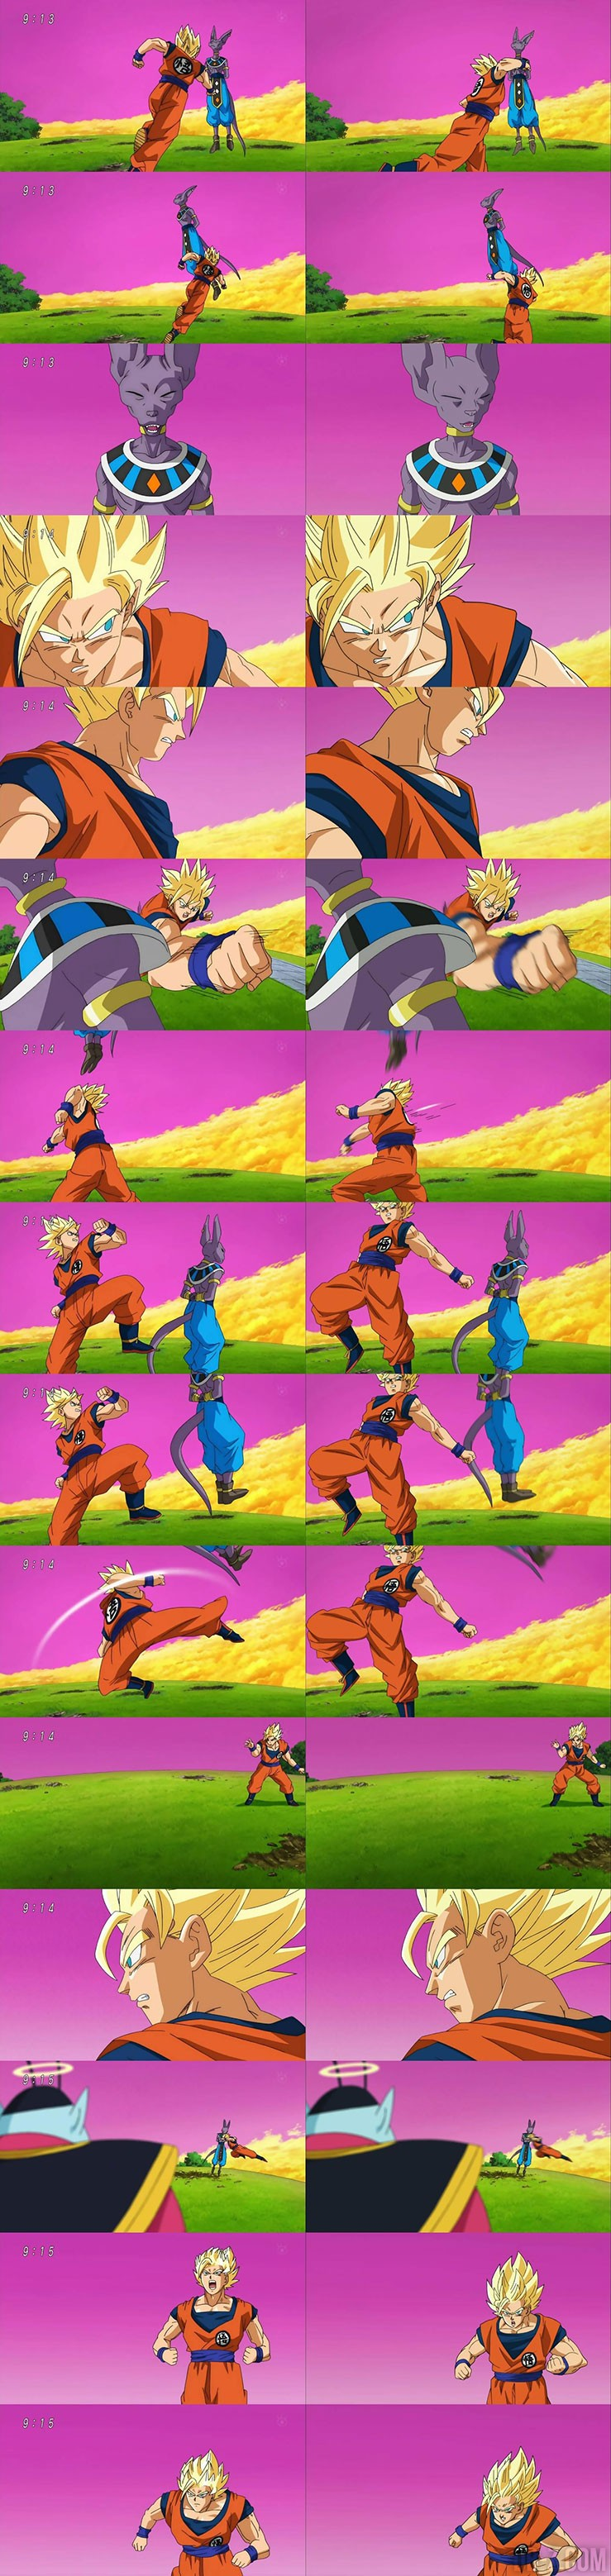 Dragon-Ball-Super-Episode-5-v2-b
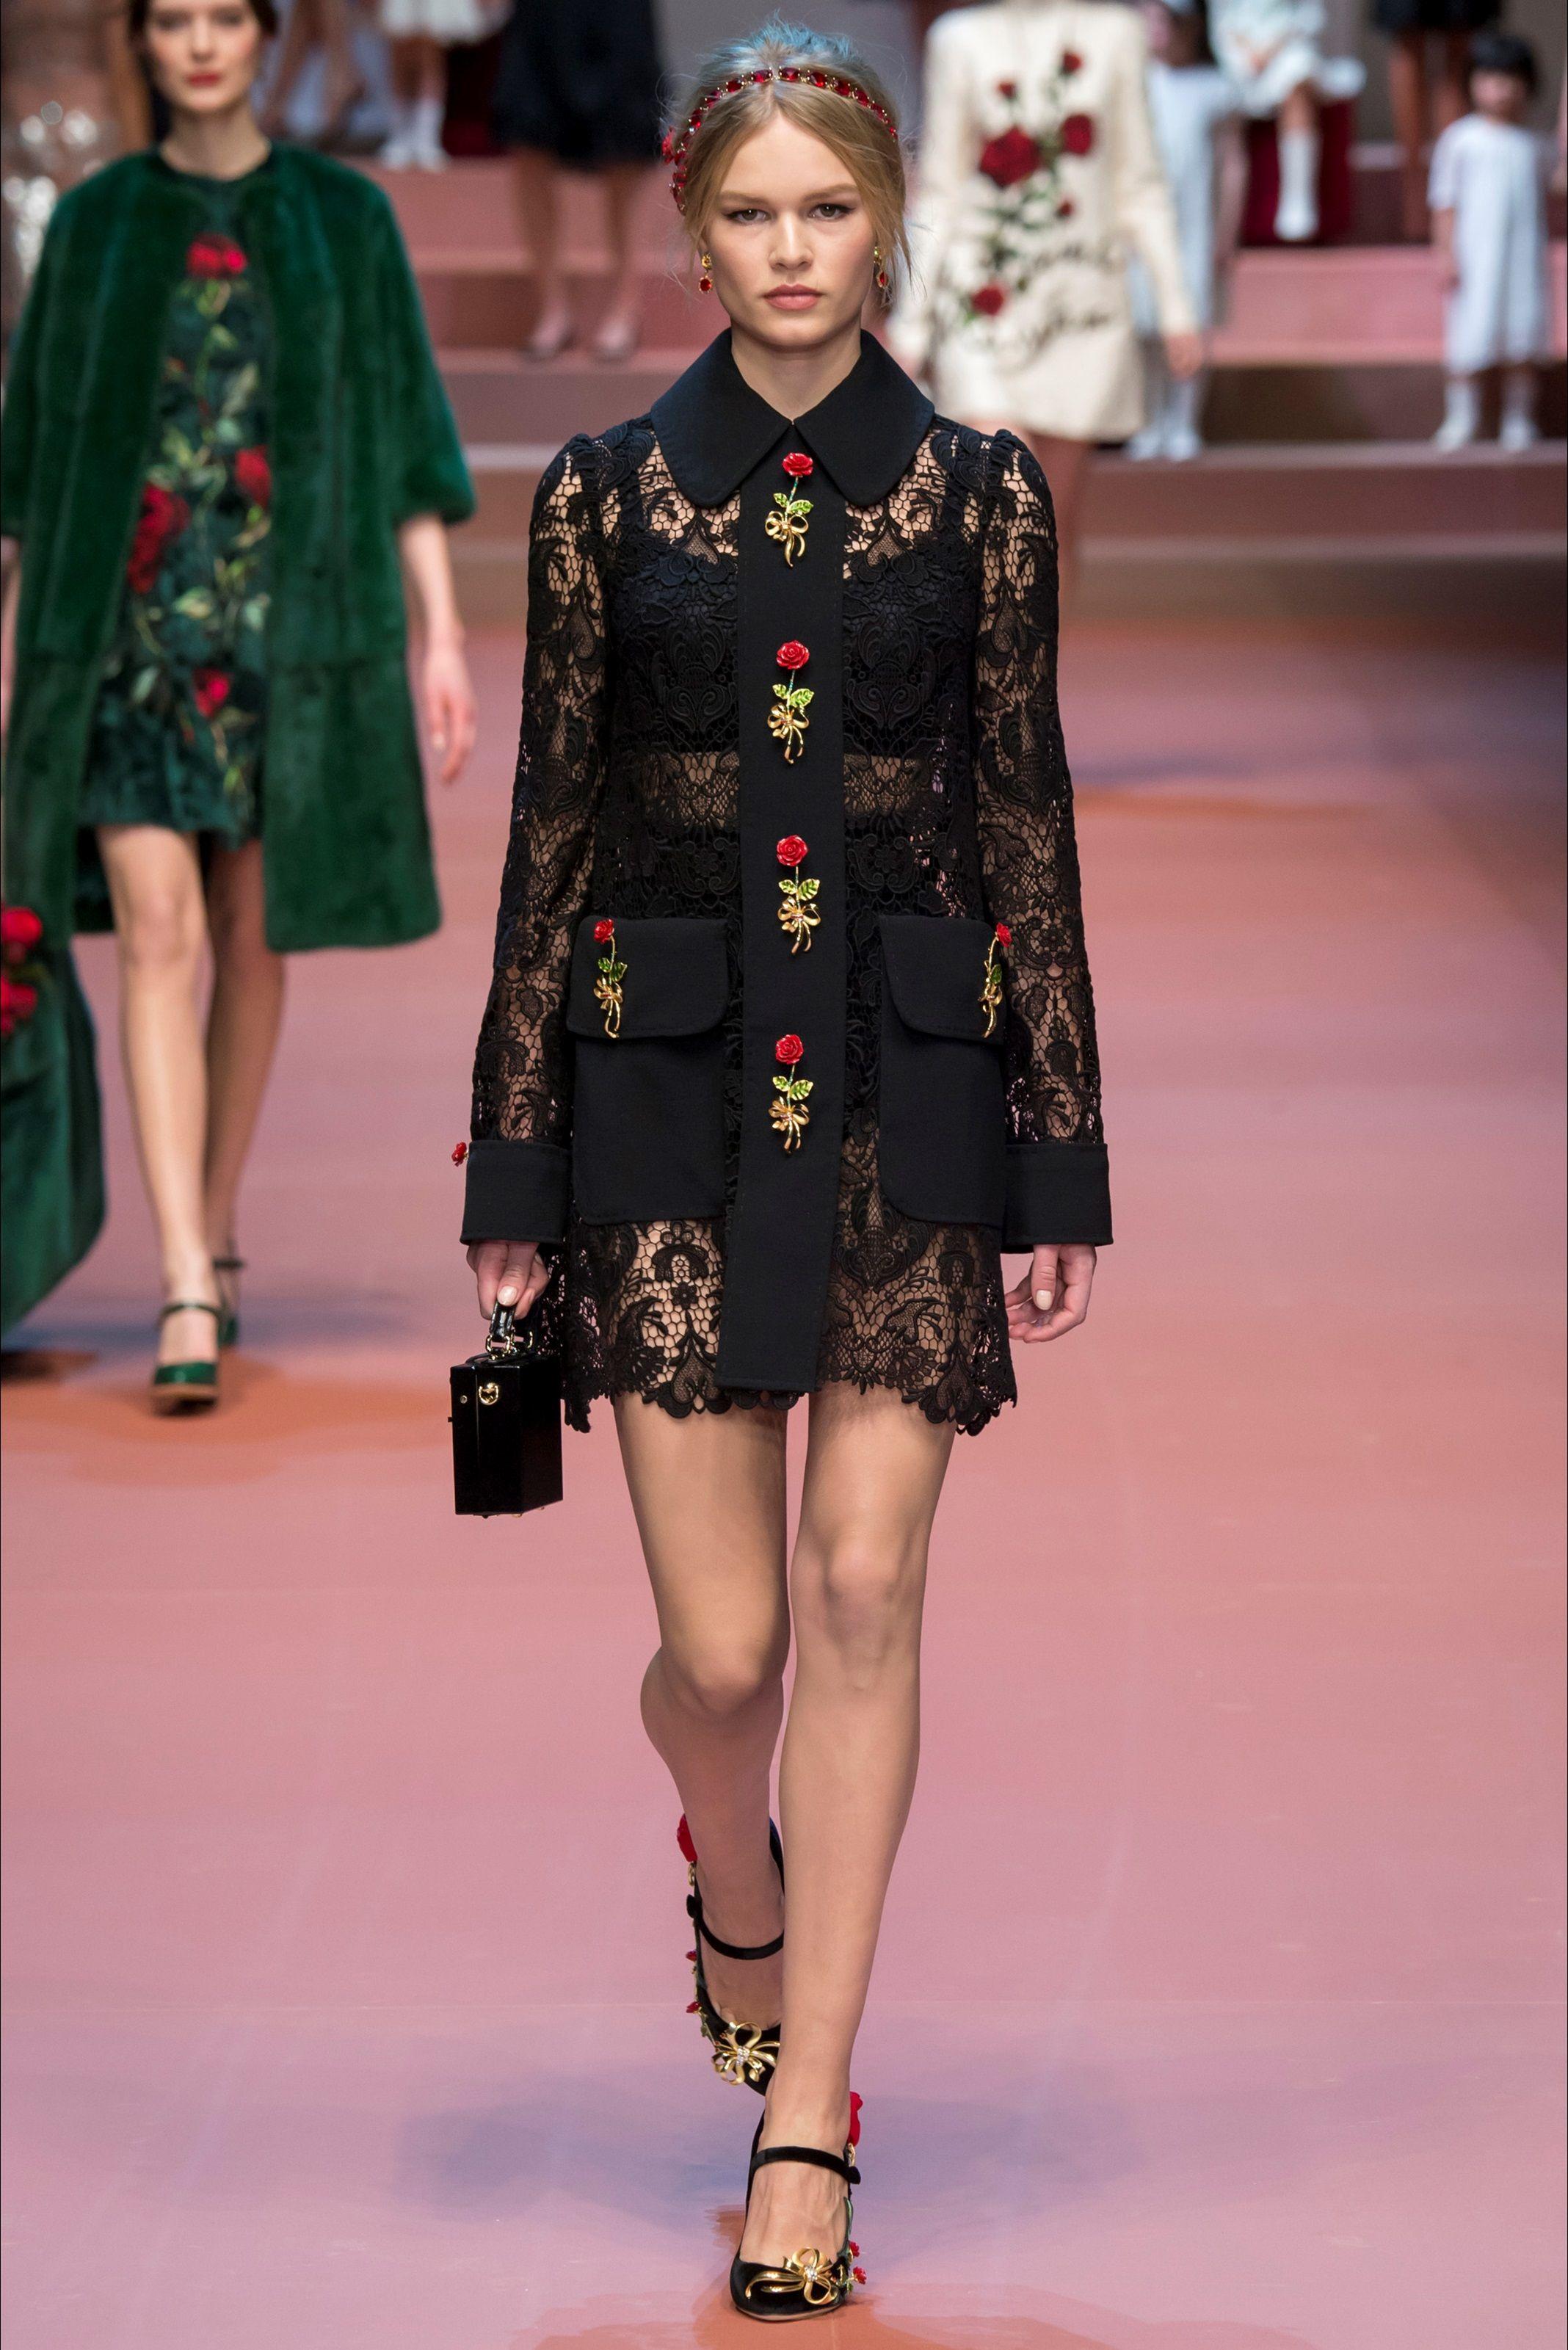 Dolce & Gabbana show de moda en Milán - Otoño Invierno 2015-16 ...
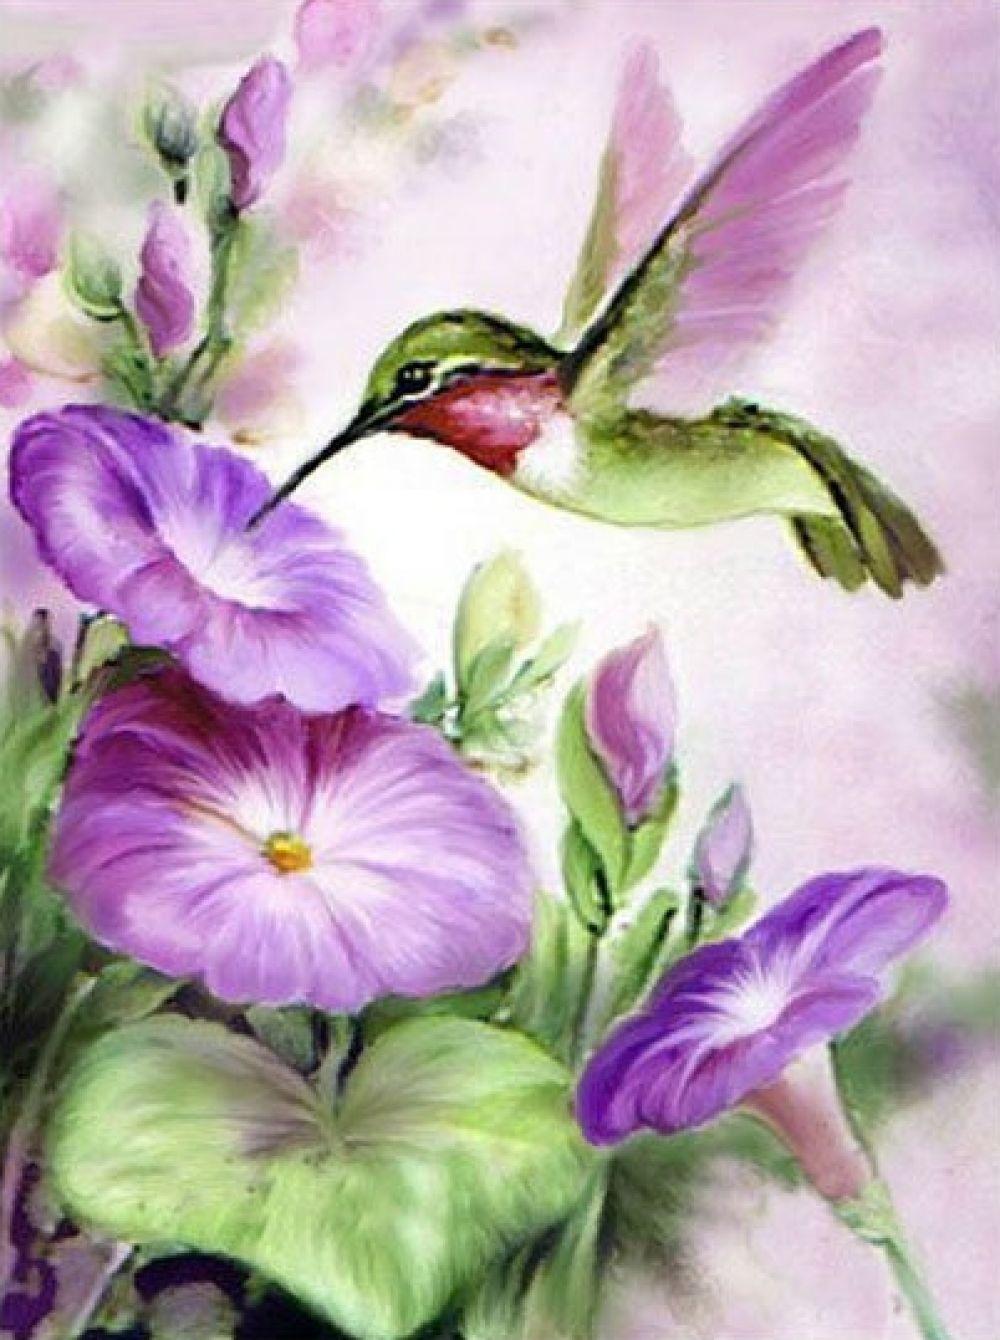 7aab8c0c8f Morning Glory Hummingbird Diamond Painting | $8.95 | FREE Shipping |  Secured Payment Gateway | #Bird #Flower #HomeDecor #Hummingbird  #Morningglory

**THE PROBLEM:**
In the listing, find the line with "Dolce & Gabbana" and retype exactly from there through the last line, both included, leaving the pictures out.

**TASK SOLUTION:**
 Dolce & Gabbana show de moda en Milán - Otoño Invierno 2015-16 ...
 7aab8c0c8f Morning Glory Hummingbird Diamond Painting | $8.95 | FREE Shipping |  Secured Payment Gateway | #Bird #Flower #HomeDecor #Hummingbird  #Morningglory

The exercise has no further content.